● INFORMATION SUPPLIED:

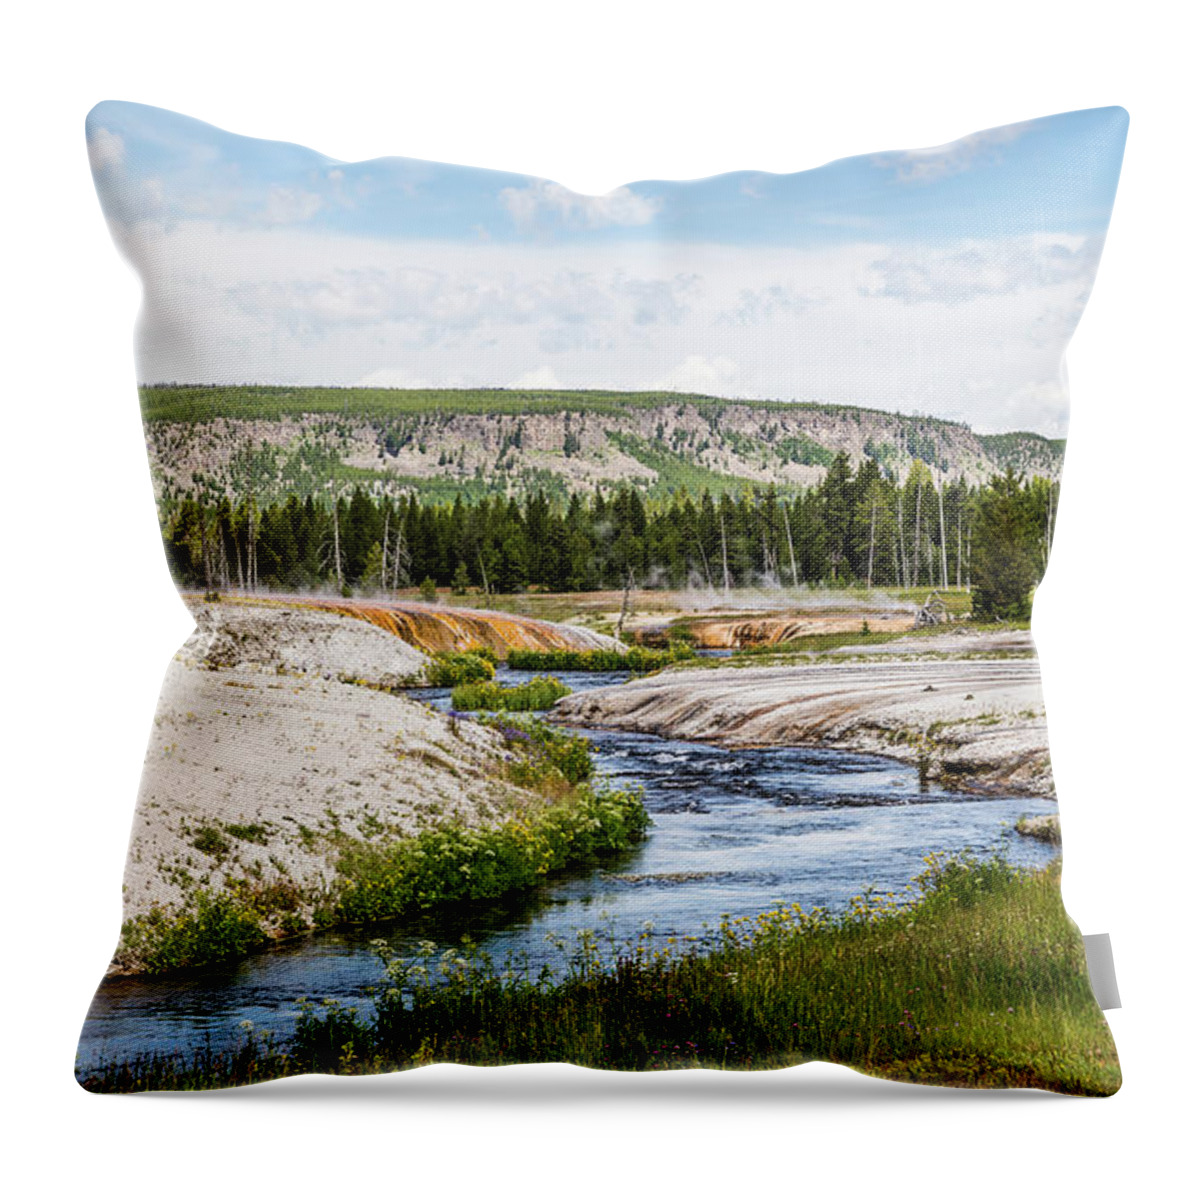  Yellow Stone National Park Throw Pillow featuring the photograph Yellowstone National Park 2 by Joe Granita
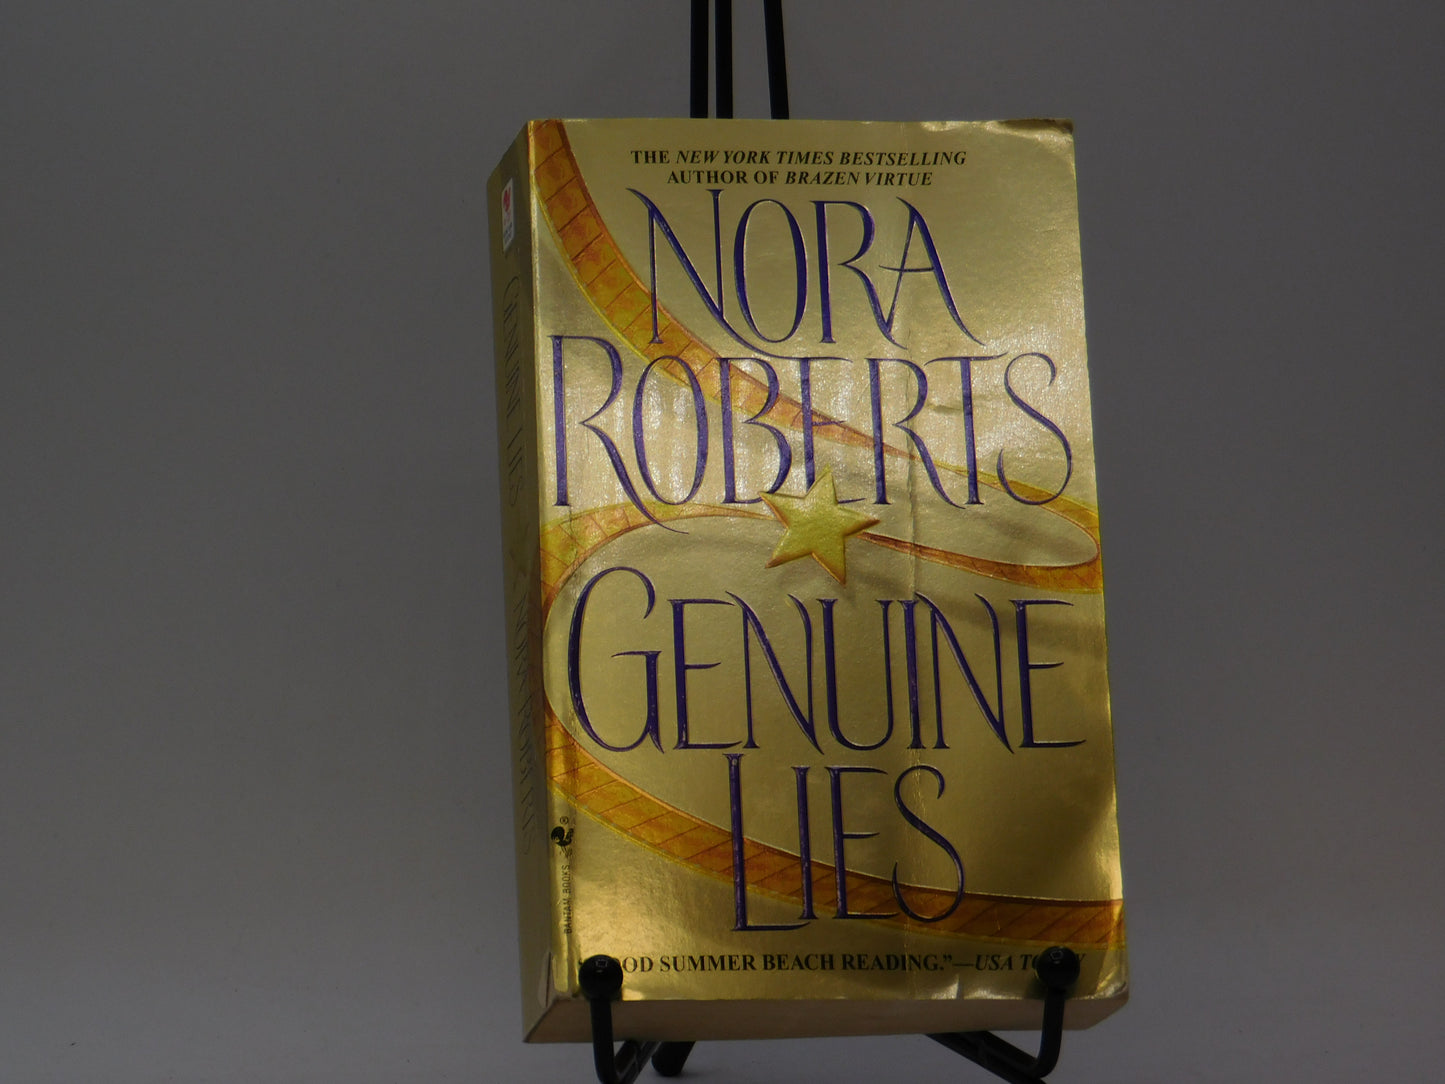 Genuine Lies: A Novel by Nora Roberts
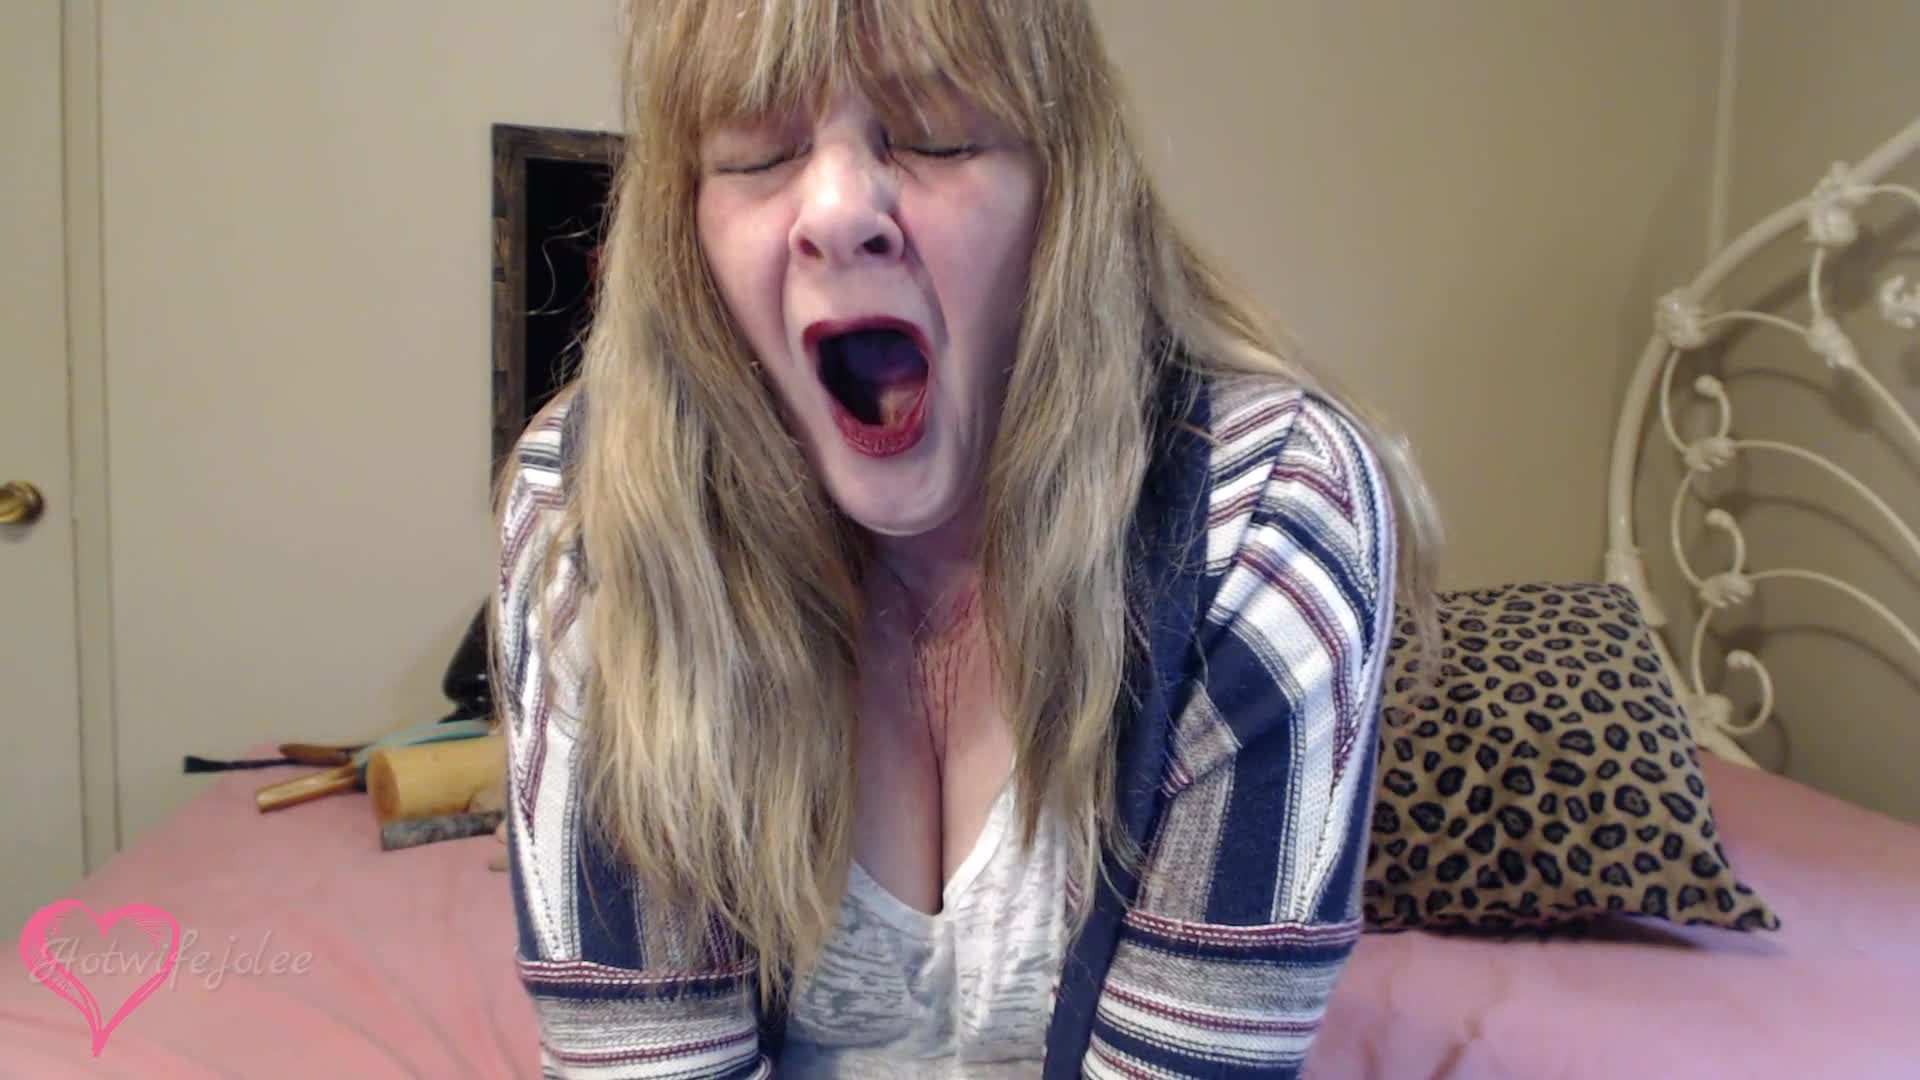 My First Sleepy Yawning video

● DIRECTIONS FOR THIS TASK: Copy out all of the data word for word. Do not carry over any picture.

● SOLUTION:
  Yellow Stone National Park Throw Pillow featuring the photograph Yellowstone National Park 2 by Joe Granita
 Genuine Lies: A Novel by Nora Roberts
 My First Sleepy Yawning video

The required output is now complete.